2.2. Base-b FFT Algorithm

We adopted a base-b FFT algorithm based on two levels of transform factorization to compute the discrete Fourier transform (DFT) [28]. A DFT of length N is given by Equation (8).

Z (k) = \sum_{n = 0}^{N - 1} W_{N}^{n k} X (n), n, k = 0, 1, \dots, N - 1

(8)

where

X (n)

are the time-domain input values,

Z (k)

are the frequency-domain outputs, and

W_{N}^{n k}

is the twiddle factor,

e^{- j \frac{2 π}{N} n k}

. The matrix form of Equation (8) is given by Equation (9).

Z = C X

(9)

where C is the coefficient matrix containing the twiddle factor.

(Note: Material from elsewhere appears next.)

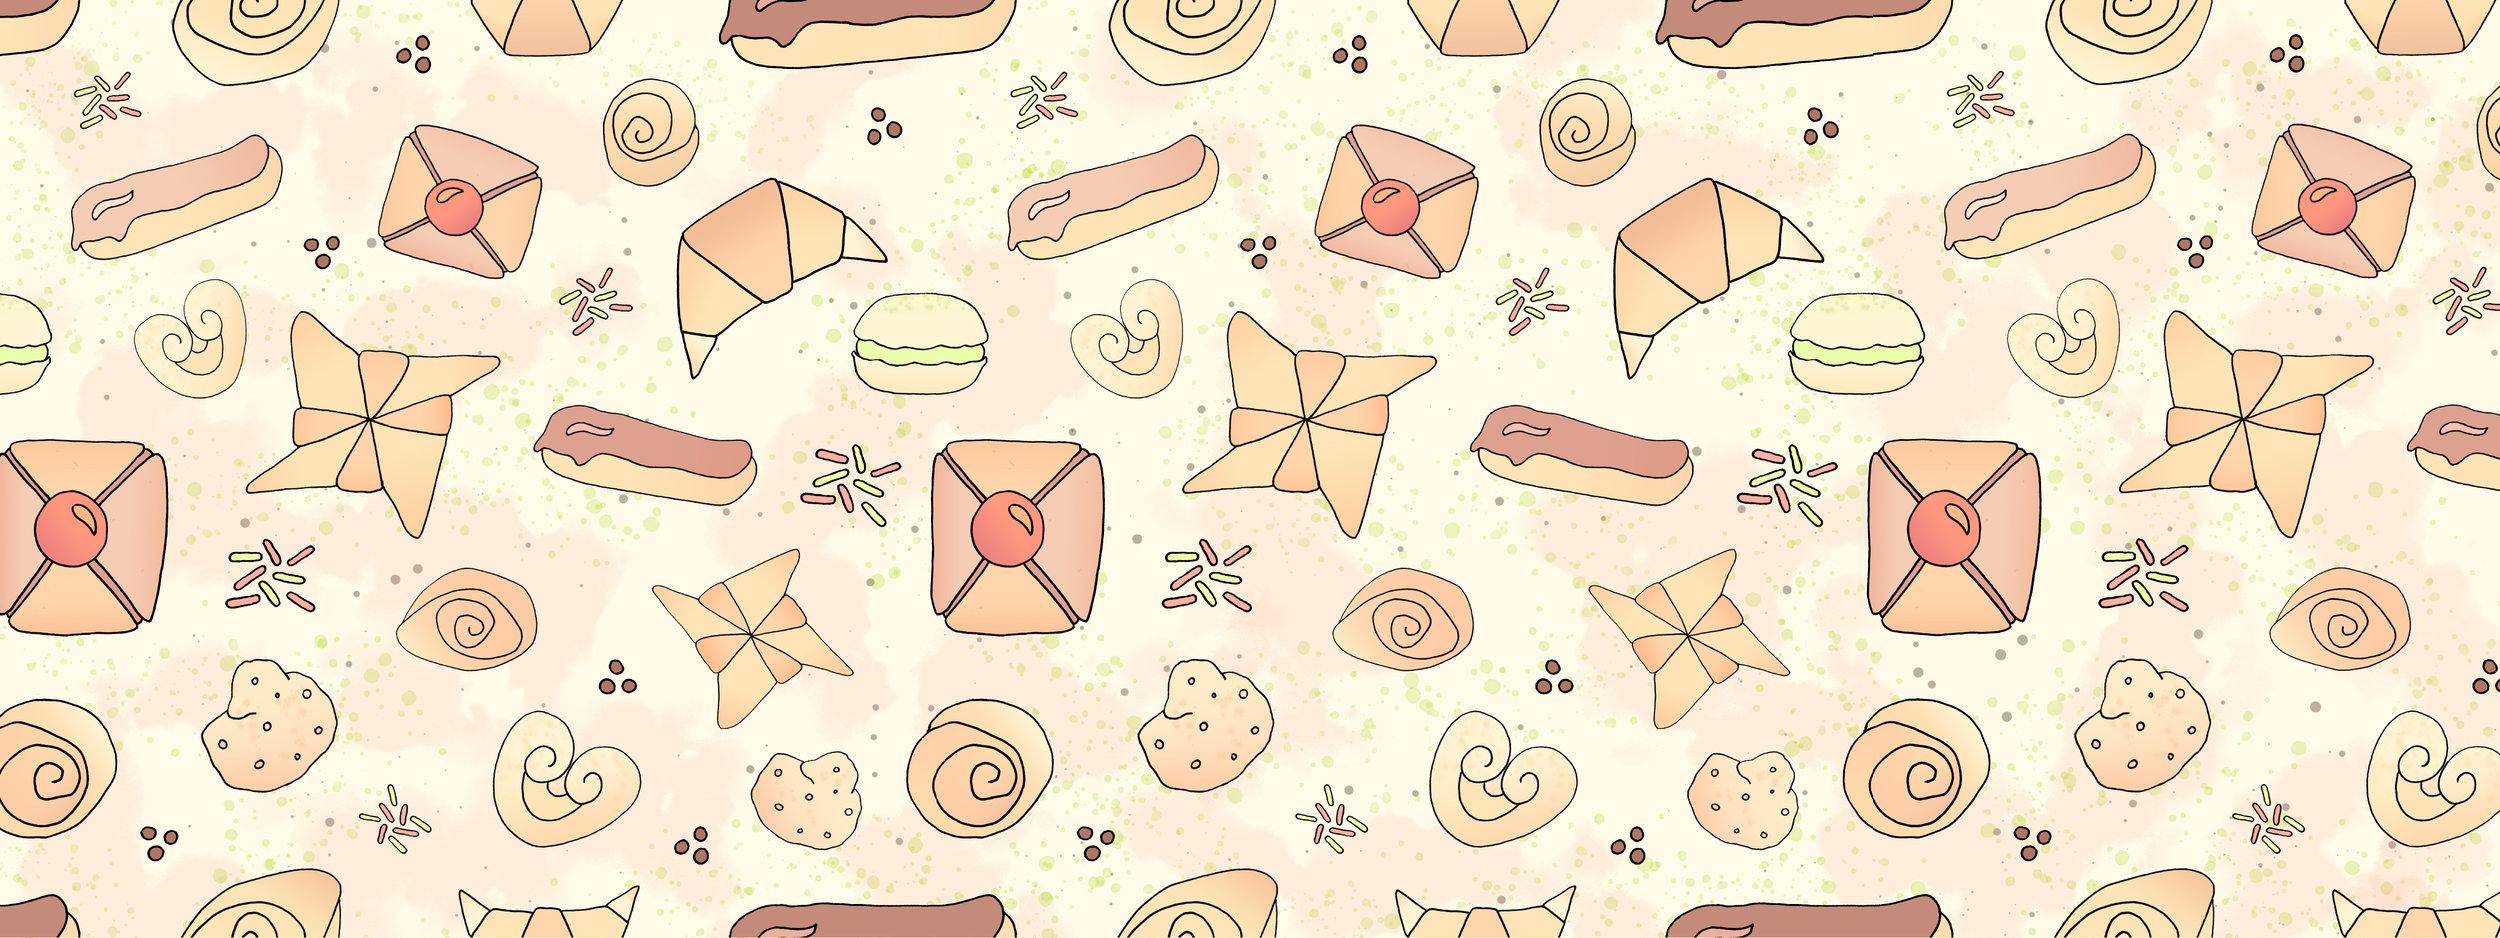 food-packaging-illustration.jpg

If the one-dimensional input data of length N can be decomposed into rows and columns,

N = N_{1} N_{2}

, n, and k can be represented by Equation (10). By substituting Equation (10), Equation (8) can be expressed as Equation (11).

\begin{matrix} n = n_{1} + N_{1} n_{2}, (0 \leq n_{1} \leq N_{1} - 1, 0 \leq n_{2} \leq N_{2} - 1) \\ k = k_{1} + N_{1} k_{2}, (0 \leq k_{1} \leq N_{1} - 1, 0 \leq k_{2} \leq N_{2} - 1) \end{matrix}

(10)

Z (k_{1} + N_{1} k_{2}) = \sum_{n_{1} = 0}^{N_{1} - 1} (W_{N}^{n_{1} k_{1}} \sum_{n_{2} = 0}^{N_{2} - 1} W_{N_{2}}^{n_{2} k_{1}} W_{N_{2}}^{n_{2} k_{2} N_{1}} X (n_{1} + N_{1} n_{2})) W_{N_{2}}^{n_{1} k_{2}}

(11)

Equation (11) can be simplified to Equation (12) by constraining

N_{1} / N_{2}

as an integer value such that

W_{N_{2}}^{n_{2} k_{2} N_{1}} = e^{- j \frac{2 π n_{2} k_{2} N_{1}}{N_{2}}} = 1

.

Z (k_{1} + N_{1} k_{2}) = \sum_{n_{1} = 0}^{N_{1} - 1} (W_{N}^{n_{1} k_{1}} \sum_{n_{2} = 0}^{N_{2} - 1} W_{N_{2}}^{n_{2} k_{1}} X (n_{1} + N_{1} n_{2})) W_{N_{2}}^{n_{1} k_{2}}

(12)

For any particular value of n and k, the inner parenthesis value of Equation (12) can be evaluated in the dot product, as in Equation (13).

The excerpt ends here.